Rare color photograph of the first nuclear test at Trinity site, July 16, 1945. Blurriness is in the original photograph (done when color photography was still fairly new).

The death of Roosevelt had catapulted Harry S. Truman into a position of awesome responsibility for which he had little preparation. He had not been privy to the work of the Atomic research programme while Vice President but now he had to give the final authorisation for the use of the new weapons.

The Allies were still actively planning Operation Downfall, the invasion of the Japanese mainland, and their forecasts of anticipated casualties varied widely. In June President Truman had been briefed that it might cost over 250,000 US fatalities. Another study, after the bloody experience on Okinawa had been absorbed into the thinking, placed the range at up to 4 million U.S. casualties with fatalities between 400,000 – 800,000 – Japanese casualties were assumed to be several times greater, including a high proportion of civilians.
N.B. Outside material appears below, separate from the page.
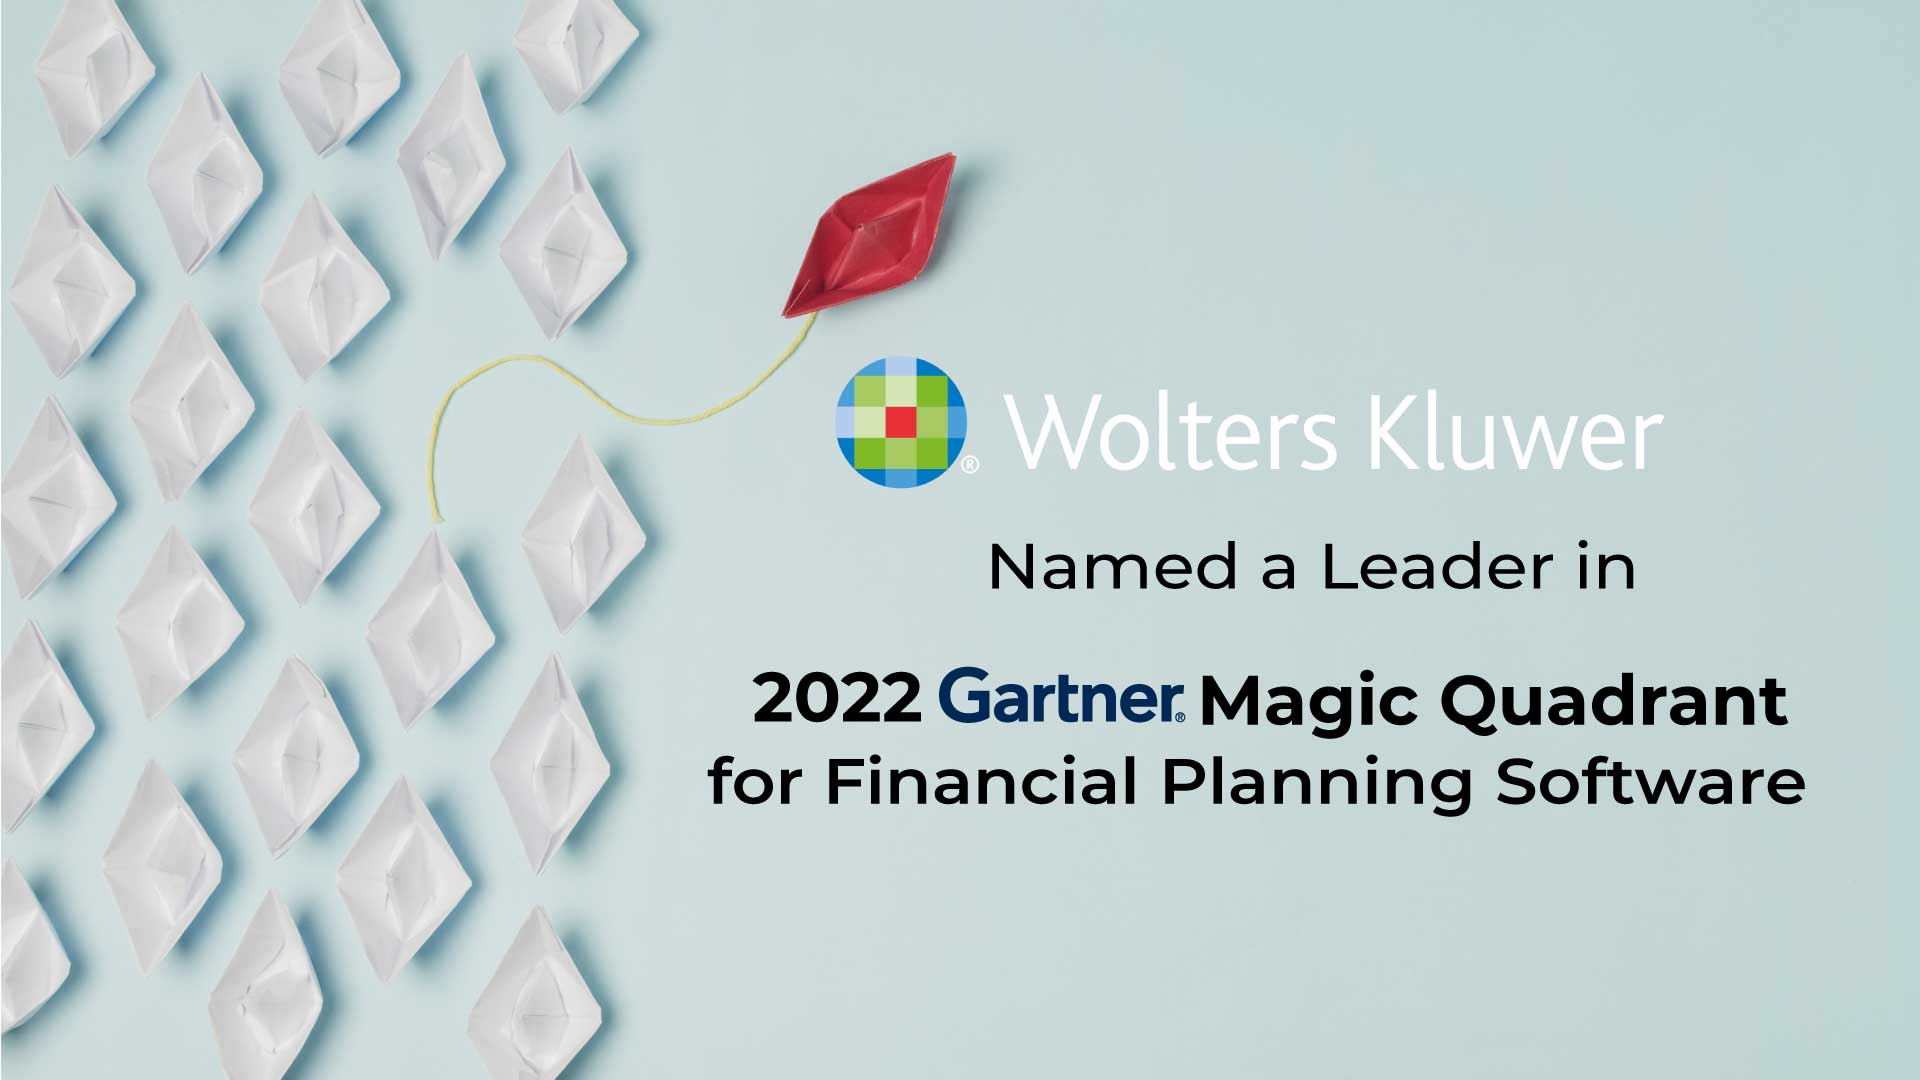 Wolters Kluwer Recognized as a Leader in 2022 Gartner® Magic Quadrant™ for Financial Planning Software

It was in this context that Truman was presented with the news of the successful Trinity test and the option of using the new Atomic Bomb. He outlined the circumstances in his diary, in which, curiously, he refers to himself as the US President:

Diary: Potsdam 25 July 1945

We met at eleven today. That is Stalin, Churchill, and the US President. But I had a most important session with Lord Mountbatten and General Marshall before that. We have discovered the most terrible bomb in the history of the world. It may be the fire destruction prophesied in the Euphrates Valley Era, after Noah and his fabulous Ark.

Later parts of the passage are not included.